Definately not the technical part. Some were more abandoned than alive, some didnt even had a contributing file on how to setup the project (and I did a PR with it), some have their own strict vision on the project (which u dont find until they reject your PR).
Problem is that there are too many open source projects, but obly a few really looking and have time to manage contributors.
Juniors from what I saw were afraid and thinking they are not worthy or just think is too complicated.
This is a very important point. Also something we wanna tackle as part of this effort. We're trying to reach out to more project maintainers to make their project easier to contribute to.
I guess one of the important things is to have conversations with maintainers before submitting pull request. That way you can avoid working on abandoned projects and requesting changes maintainers are not on board on.
Well blockers for me are mainly the fact that if I want to make a good contribution to the project, I'll have to look around the codebase to get a feel for what they're doing. Even cloning and playing around with it, and that takes time cuz I'm not the type that has an intuitive feel for how software works.
I can say that my experience with OSS has been a great one overall in comparison to other stories I've read but yeah I'm trying to level up my skills in some technology to make better contributions to a project, cuz just fixing typos on the docs or the Readme won't cut it for me.
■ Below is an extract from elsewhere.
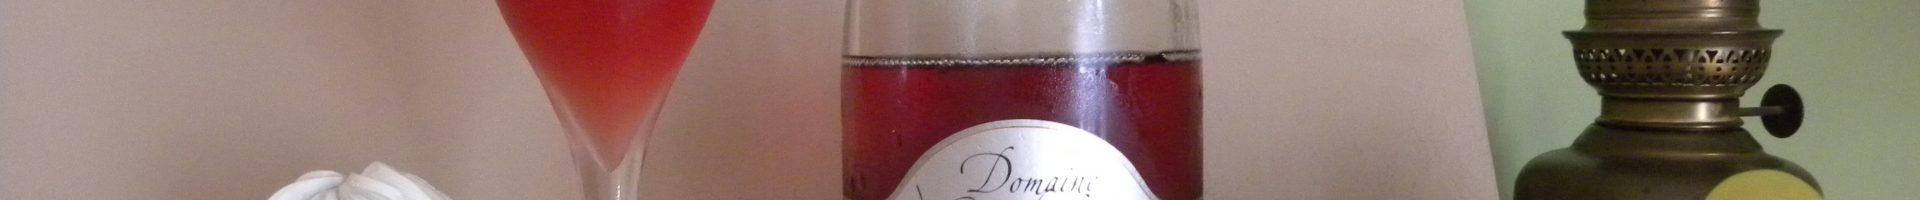 Méthode Traditionnelle Brut Rosé
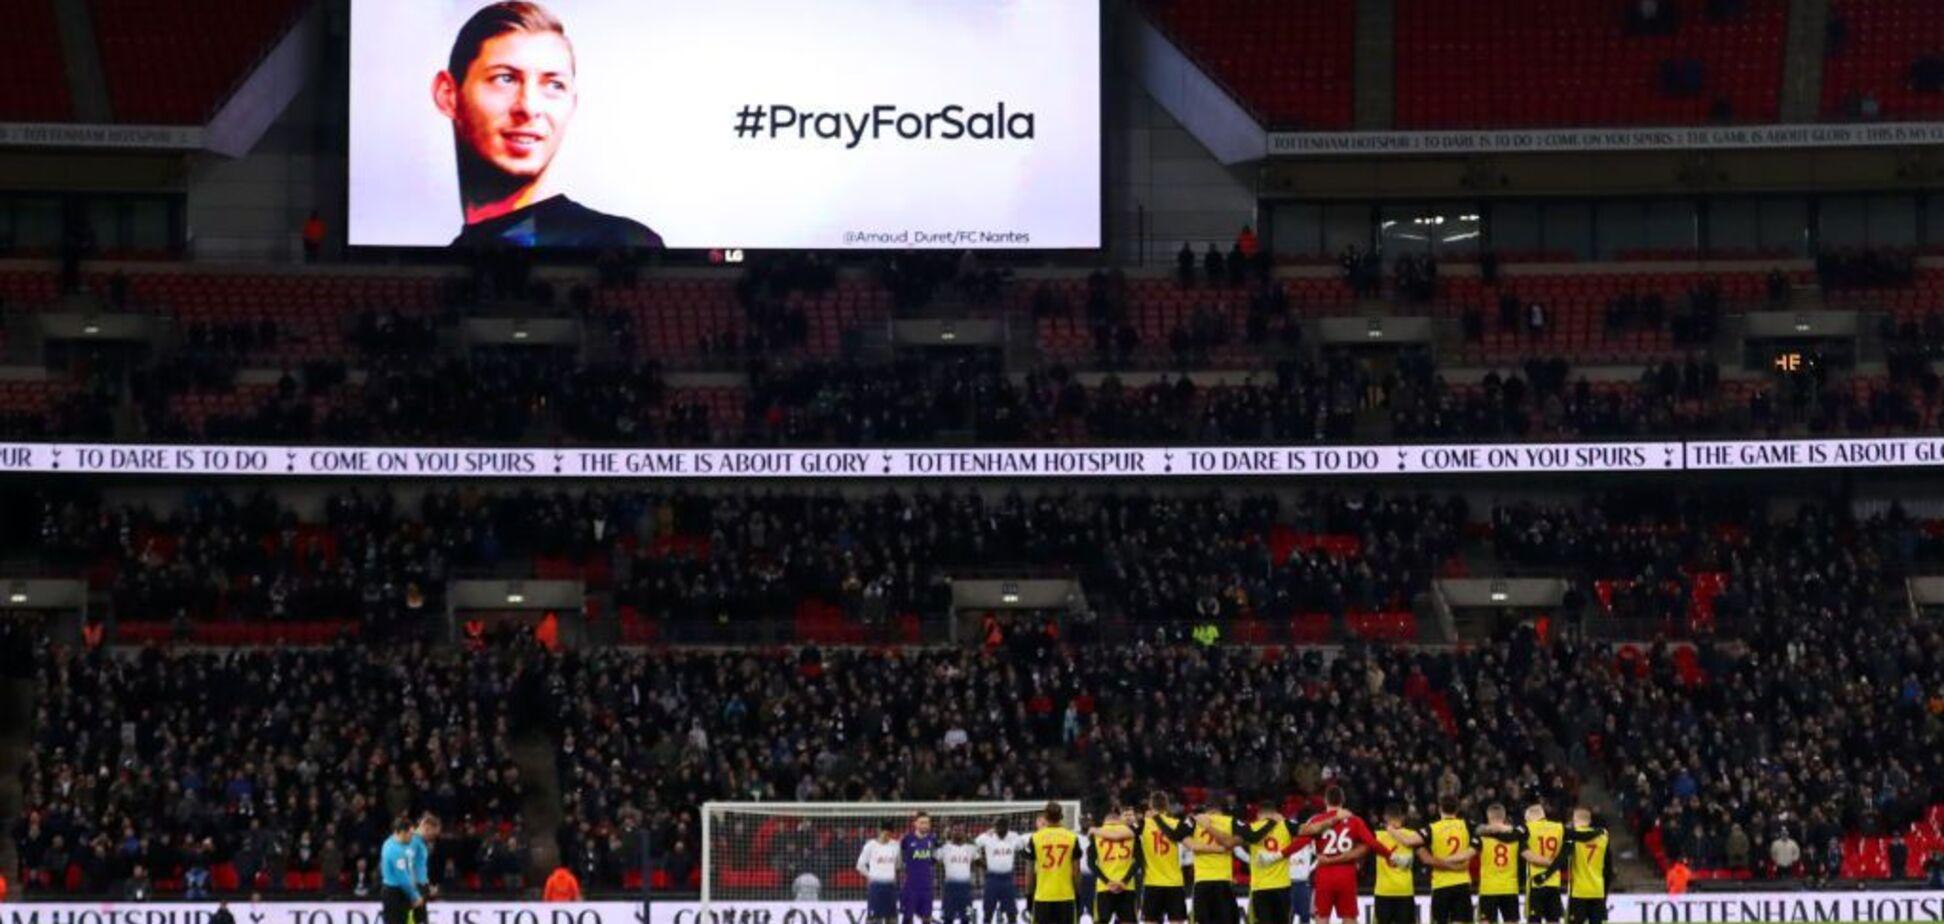 ''Его заставили'': друг пропавшего знаменитого футболиста раскрыл причины трагедии

Like many others, the only reason I didn't contribute at first was the anxieties of being judged, or otherwise irrationally thinking I didn't have what it takes. But everyone else can talk of that. I'm beyond those days now; here's what stops me nowadays:
I personally am turned off very fast when the CONTRIBUTING.md is overly complicated. Take Atom's for example... I don't have time for that. At the same time I'm sure there are reasons to have such complex instructions. Maybe it's just me.
A lot of other projects can seem really unwelcoming to contributors, too. For example, I don't have ANY motivation to get involved with Git nor the Linux kernel, because of Torvalds' attitude towards his developers (just look at this)
Another reason, in some projects there appear to be little to no quality control on pull requests, i.e. the maintainers seem to accept literally anything, causing so many problems with the codebase/project that it feels overwhelming to bother contributing.
Time. Between learning stuff for job, managing time spent on job and then having some left for life (relationship, religion, my own projects which end up being deleted) I have no time to find the project that I might contribute to. Last time I tried to find a project which could potentialy have some code that needs bug fixing or additional feature I found only JS projects which required me to download them and check what are they actually about. Would love to contribute to Java/C# projects or even Groovy/Scala but latter are things I would like to learn not what I can actually contribute.
I generally feel confident enough in my abilities as a developer to make good contributions to open-source. What gives me pause is getting well-acquainted enough with a medium-to-large-sized project to make useful contributions. In a word, time.
Time.. Or lack thereof
In one word: Time!
For me, it's mainly domain knowledge, setup, response rate / attitude.
Helpless maintainers and helpless community will block you in every way you want to contribute.